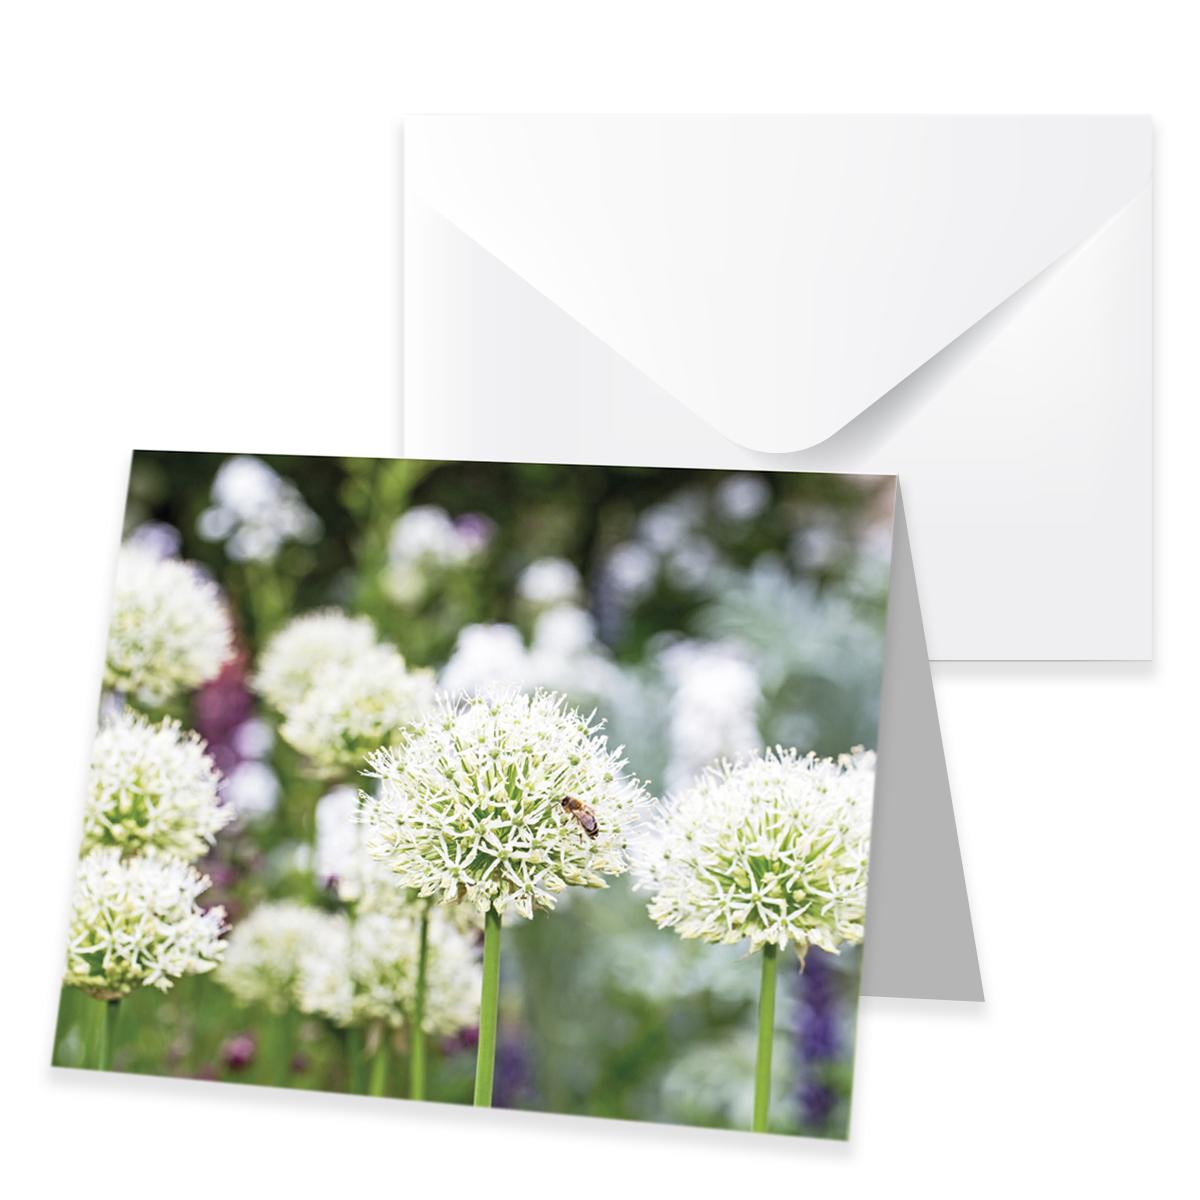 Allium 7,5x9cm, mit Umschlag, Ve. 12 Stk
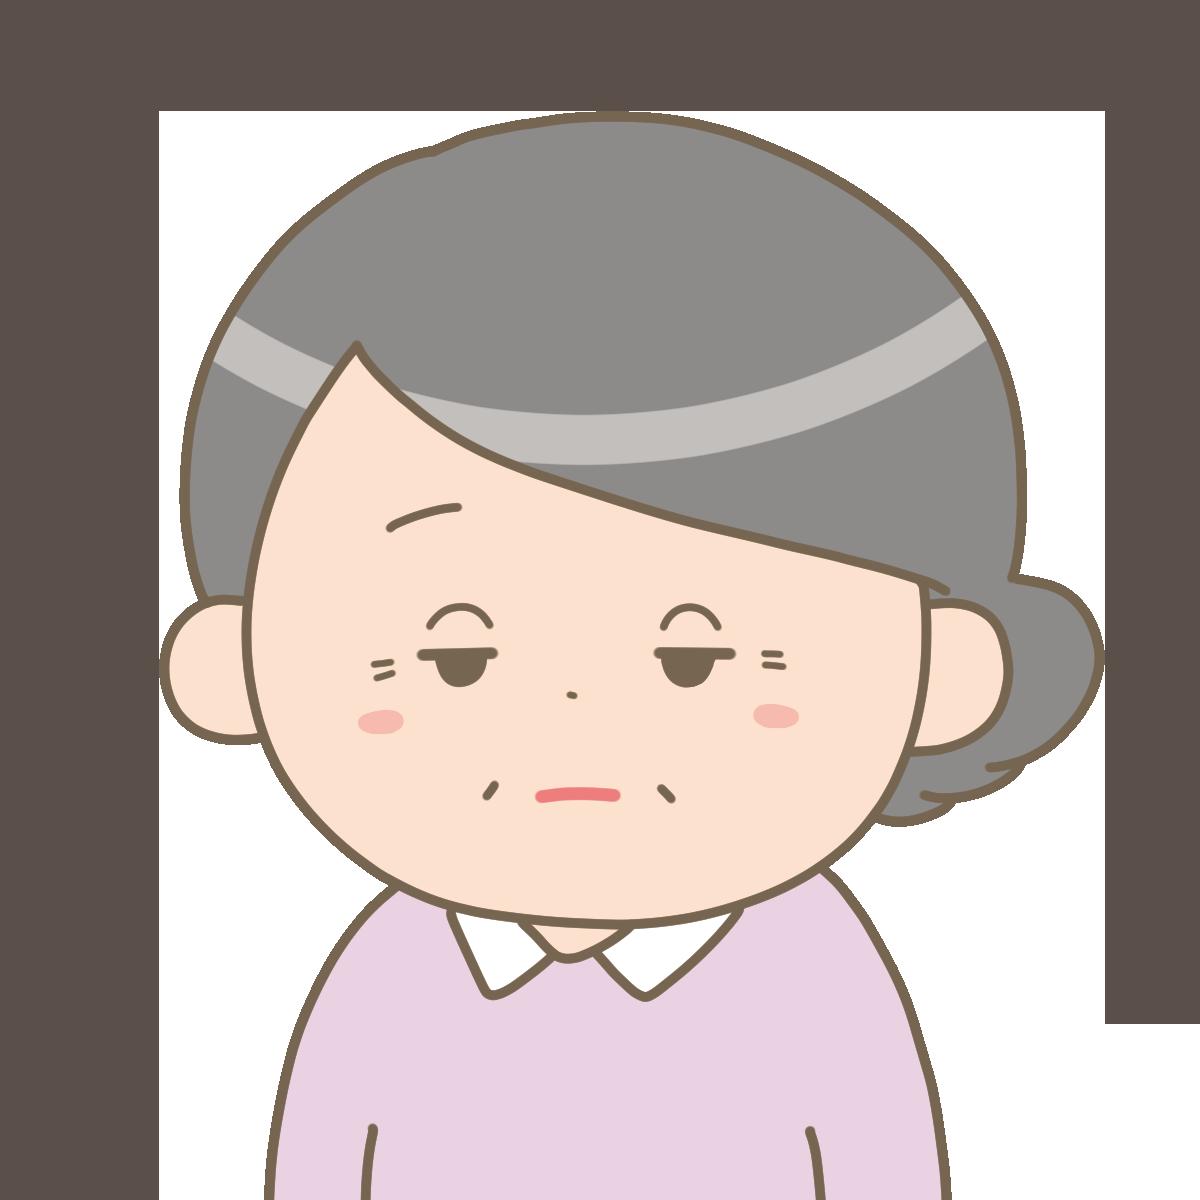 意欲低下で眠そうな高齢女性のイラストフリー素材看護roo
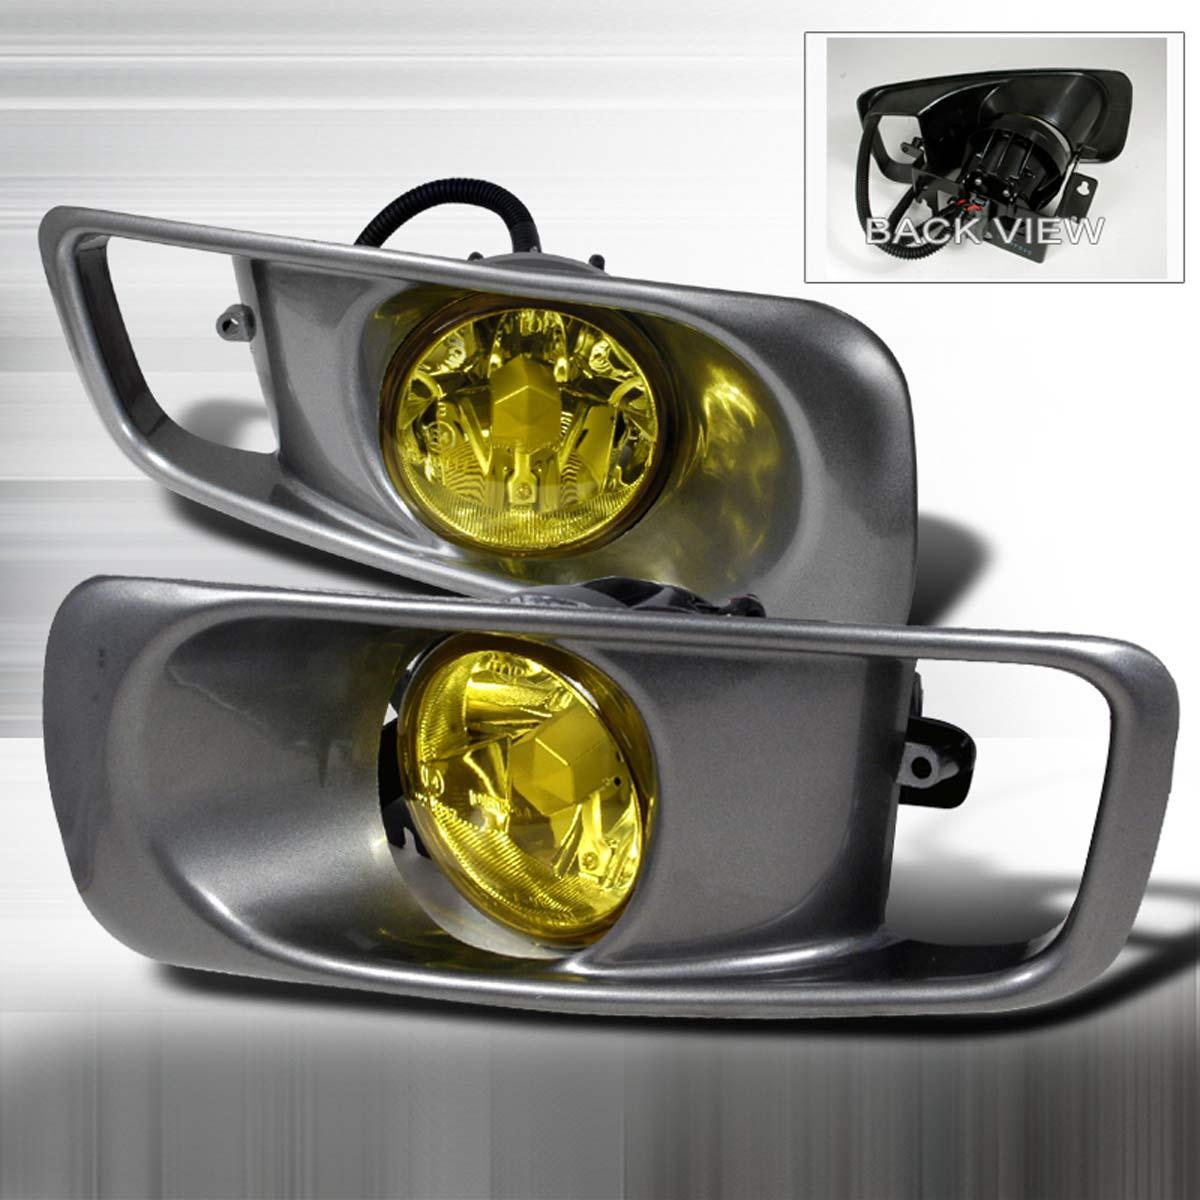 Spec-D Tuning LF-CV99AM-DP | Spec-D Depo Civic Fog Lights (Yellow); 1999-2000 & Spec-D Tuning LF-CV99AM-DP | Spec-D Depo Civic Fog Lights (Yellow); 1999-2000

**What is being asked**.
Beginning with the line that contains "意欲低下で眠そうな高齢女性のイラストフリー素材看護roo" and ending with the final line of the listing, return each line exactly. Omit all pictures.

**Exercise output**.
 意欲低下で眠そうな高齢女性のイラストフリー素材看護roo
 Spec-D Tuning LF-CV99AM-DP | Spec-D Depo Civic Fog Lights (Yellow); 1999-2000 & Spec-D Tuning LF-CV99AM-DP | Spec-D Depo Civic Fog Lights (Yellow); 1999-2000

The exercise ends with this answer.